苏宅书房内夜已深,烛光映着书案,雪白的宣纸摊满桌子,伏着个身影手捏画笔在涂抹。
大致轮廓已经显现,西三巷口,三五个七八岁的孩子围着口留涎水的女孩,手中捏着小木棍。不知为何,今日再次遇上徐家姑娘后,这画面就一直存在脑海中,若是不倾泻出来,总觉得胸口发闷。
明明往日裏常见到,可从未如今日这般回想起来那样深刻,苏玉放下手中的画笔,仰头依在轮椅上;她的眼神好像当年死掉的那只兔子,都是那般瘦弱,眼裏透着机灵和活泼。
“公子夜已经深了,我扶您到床上。”苏武提着灯笼从屋外走进。
“这画拿去烧了吧,舅舅可有消息送来?”烛光未照到的阴暗处,苏玉的脸上带着不甘和狰狞。
“并未。”
“月前送去的信可妥当?”
“还是先前的老手,必不会出事。”
“再有不到三个月,余毒就会全清,兴许还能赶上过年。”苏玉收拾起内心深处的不甘,手推着轮子往屋外。
月亮被乌云遮住了些,半掩半露,从宽大的衣袖中抽出长箫,又吹奏起来。
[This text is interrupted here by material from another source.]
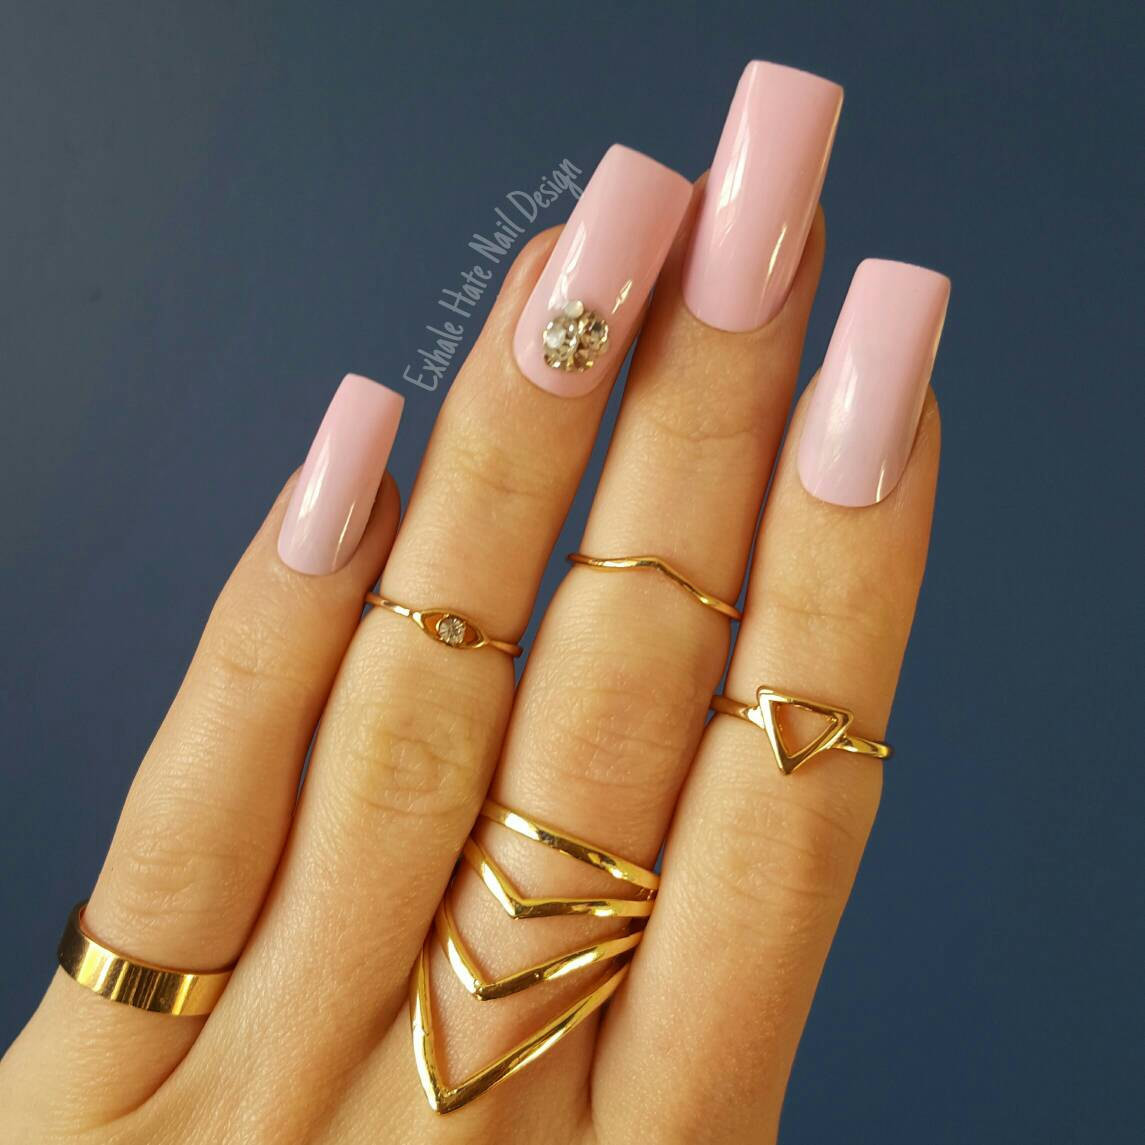 Light Pink Acrylic Nail Designs
 Top 45 Amazing Light Pink Acrylic Nails

带着忧愁和思念的箫声响起。
苏武提着灯笼半靠在屋门口,思绪随着箫声四散,已经陪主子在这呆了五年,京中是否还有主子的一席之地,那天下最富贵也是最丑恶的地方真的适合主子吗?
箫声渐歇。
“夜凉了,回吧。”
徐安安罕见的睡了个好觉,天刚亮,悉悉索索的穿好衣服,踏出屋门,爹娘这样支持我,必不负所托。昨日对扬州城已经有所了解,喜甜食和河鲜,重口的吃食却十分少见;不如趁着沙琪玛还没流传开,挣一波快钱;打定主意,说干就干,撸起袖子钻进了厨房。
将面缸全部的面粉倒了出来,放上鸡蛋,糖,揉搓起来。
过了会,徐父手提这一串螃蟹走进来,笑瞇瞇的指着说,“安安你看,这是爹专门给你买的。”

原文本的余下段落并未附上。